De heilige dwong hem nu te zeggen met welke bedoeling hij gekomen
was. Dat was om haar aan de bevelen van de prefect te doen gehoorzamen. Vervolgens vroeg zij hem waarom hij zo volhield de christenen te vervolgen. Ten eerste, antwoordde hij, was dat, omdat hij
gewoon zo al een hekel had aan deugdzame mensen; maar ook, omdat hij in zijn jaloezie de christenen het geluk wilde ontnemen dat hij zelf verspeeld had. Hij voegde er aan toe, dat Salomo destijds
een hele menigte boze geesten had weten op te sluiten in een kruik. Maar toen hij dood was, hadden mensen er een vurig schijnsel uit zien komen; in de veronderstelling dat de kruik een schat
bevatte, hadden ze hem in stukken gebroken en zo de geesten in vrijheid gesteld. Zo wist Margareta de duivel te dwingen tot dingen die hij eigenlijk niet wilde; tenslottehaalde ze haar
voet weg en zei:
"Wegwezen, ellendeling."
En de duivel ging er onmiddellijk vandoor.

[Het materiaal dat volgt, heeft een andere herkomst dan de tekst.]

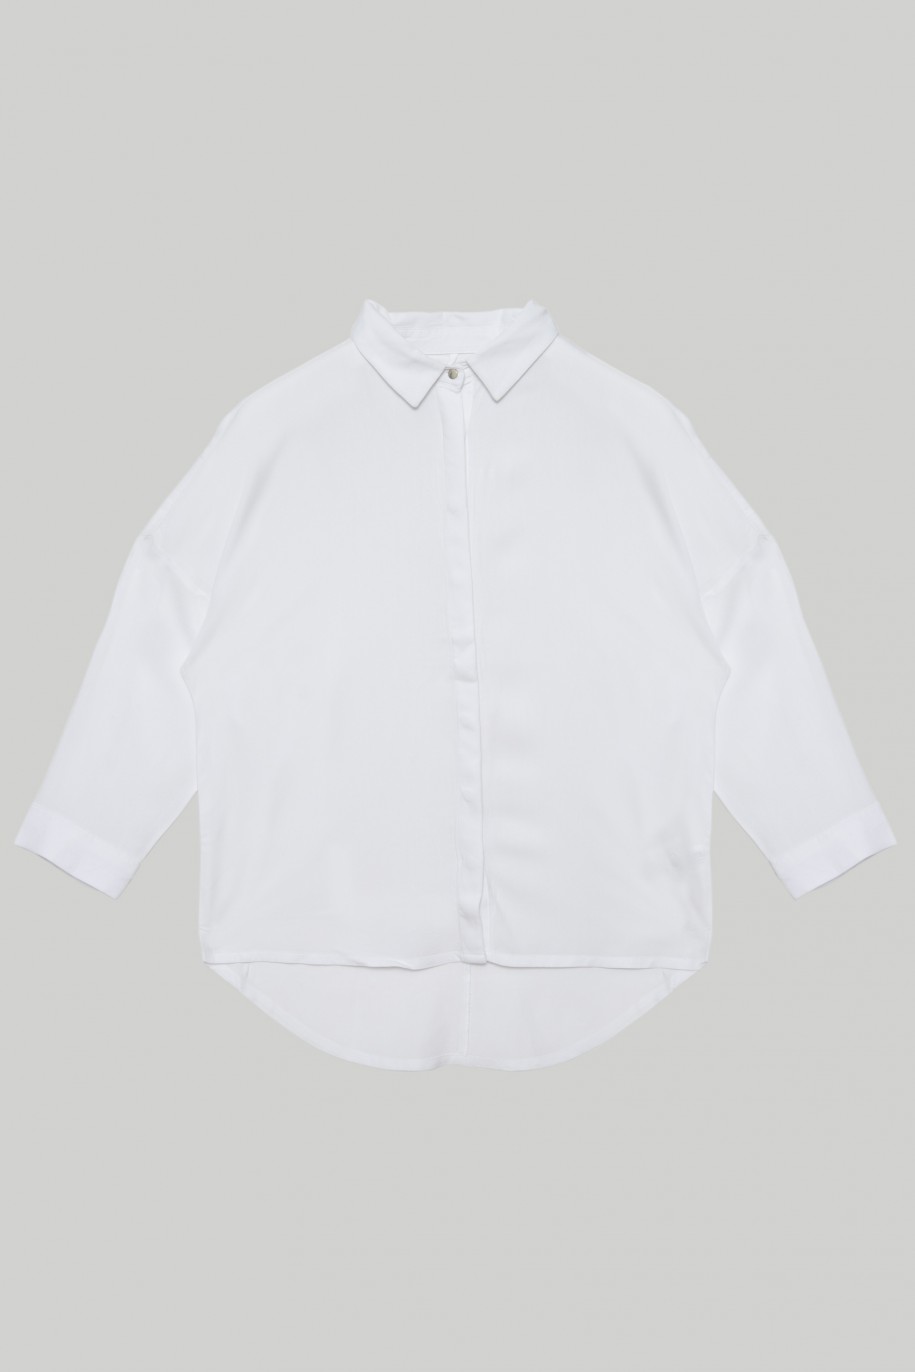 Klasyczna biała koszula z przedłużanym tyłem dla dziewczyny - 28273

Nu ze de vorst had verslagen, was het niet moeilijk meer ook zijn dienaar te verslaan. De volgende morgen weigerde ze als
gewoonlijk te offeren aan de afgoden. Ze werd van al haar kleren ontdaan, aan vleeshaken opgehangen en geschroeid met brandende fakkels of gloeiende ijzers. Iedereen stond versteld, dat een kind
zoveel verschillende pijnigingen kon uithouden. Alleen de prefekt zelf bleef meedogenloos. Om haar pijnen nog te vergroten liet hij haar in een waterbad onderdompelen. Maar op dat moment beefde
de aarde, het bad barste uit elkaar en het meisje kwam er gezond en wel uit te voorschijn, voor de ogen van alle aanwezigen. Op het zien daarvan bekeerden zich meteen vijfhonderd mensen tot
Christus; onmiddellijk werd aan hen de doodstraf voltrokken. Uit vrees voor nog meer bekeringen, gaf de prefect nu order om haar zo vlug mogelijk te onthoofden. Zij kreeg nog de toestemming voor
het zeggen van een gebed; zij bad dus voor zichzelf, voor haar vervolgers en voor hen die door het zien van dit alles haar naam zouden aanroepen. Met name vroeg zij dat vrouwen die in barensweeën
haar naam zouden aanroepen, zonder verder letsel of gevaar hun kind ter wereld zouden brengen. Een stem uit de hemel zei dat al haar gebeden verhoord waren. Toen richtte zij zich op en zei tegen
de beul:
"Broeder, trek je zwaard en sla toe."
Met één enkele houw doorkliefde hij haar hoofd. Zo ontving zij de kroon van het martelaarschap.
Als laatste zijn er ook meningen dat de weg de naam te danken heeft aan de weldoenster van de kerk van La Bocca. Zij heeft ook de eerste school in La Bocca laten bouwen: Zij was gravin Doha Margarita Feliciana O'Brien, weduwe van Don José Marco del Ponte en was van Spaanse afkomst. Mogelijk is zo de straatnaam in het boccassienne gebied ingevoerd.